Work continues on the newest hive that we built. A small tunnel now connects it to its sister hives, despite some concern about the potential for flooding. The channel between our great pit and the river was finally carved out, so we now have a shallow pond (though the bottom is a goopey mesh of organic matter mixed with sand, dirt, and gravel). Some of the newest berry bushes have also started to bear their fruits, leading to record harvests.
I think it's somewhat misleading to put this in the NRP section when close inspection makes it look as though this will be a character-driven RP where we're all in just one colonial nation that's presumably detached to some extent (whether by their backward status as in point 2 or their own will and isolationism if in point 1) from the old world and most other nations in this world.
Your idea for magic seems unique, I'm not sure whether I like it or not; maybe some examples of what you might do would help me to decide.
I'm mildly interested in this and might join, but no guarantees from me yet. For the record I do prefer option 2.
The bees, it turns out, really don't know much about own old enemy. They do know wasps are hiveminded and live in nests, sometimes building said nests up in trees or high places but sometimes even in the ground. The wasps tend to attack suddenly and in great swarms; they work together to take down larger prey, and only rarely go hunting for smaller things alone. So if a lone wasp is ever spotted, it's probably just trying to scout, but that's perhaps even more dangerous, for the wasps adore honey and will apparently massacre an entire hive just to steal its honey and sometimes even eat the larvae.
Beyond that, the bees claim that they wouldn't know anything about the loathsome wasps. They've never made any efforts to launch an offensive against the wasps, viewing it as utterly futile given that the giant wasps are easily capable of killing a dozen bees each. The wasps hunt other insects and will gladly wage war to feast upon the fallen, but for the bees, fighting the wasps can offer no benefit and risk only utter ruin. Whenever they see a lone wasp scout, they do everything in their power to kill and silence it lest its nest learn of their presence and launch a raid.
But if the bees should ever fail to spot and kill a wasp scout, and sometimes if they even so much as suspect that there might be wasps nearby, they take the precaution of abandoning their hive and fleeing elsewhere. They note that sometimes certain birds prey upon the wasps and help to cull their numbers, but at the same time those birds will readily eat bees, so they have never been able to successfully pursue any sort of alliance with the wasps' enemies. But if we would be able and willing to kill off the wasps, the bee queen nearest to us ensures that it would gain us the gratitude of just about every bee colony in the land.
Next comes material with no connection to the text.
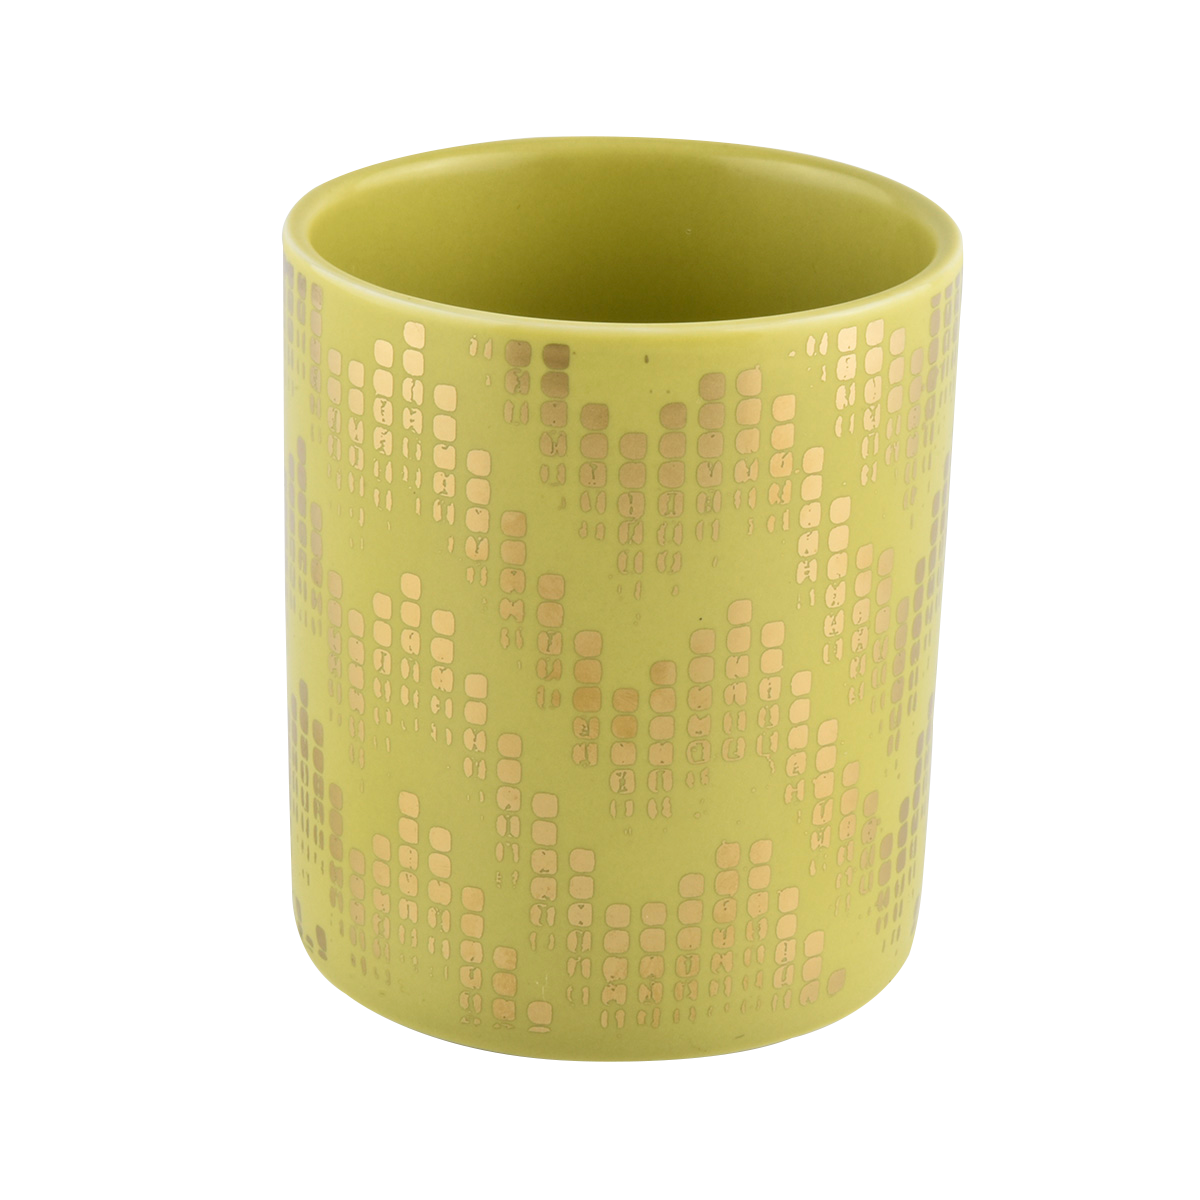 Guci lilin keramik warna lemon dengan pencetakan emas

Regarding our search efforts in the far end of the forest, we began to redouble our efforts by sending groups of scouts, some of which developed more advanced tracking pheromones. We sent a few larger groups into the areas where we seemed to have had the most scouts go missing, and we quickly discovered the culprit--more beetles! We accidentally discovered a small group of them trying to head west and leave the forest, and they attacked upon sight. Fortunately a few scouts from that group managed to successfully flee and live to tell the tale.
We don't know whether this means that there's an entire second nest of them that's been hiding out here, or if these are just the exiled remnants of the nest we conquered. Either way, in a fashion similar to how the bees did everything they could to ensure that one wasp scout never returned to its hive, these beetles seem to have been trying very hard to hide from our scouts and kill any that witnessed them or discovered signs of their presence. Unfortunately, that very strategy is what drew our attention to them. The governor in charge of the fallen log and its fungi farms (who has continued working on the beetle breeding program, to some limited success) is naturally an eager proponent of subduing this group of beetles as well, but if that is the path that we choose, we'd best hurry because it seems that at least some of the beetles are fleeing the deep parts of the forest to get even farther away from us.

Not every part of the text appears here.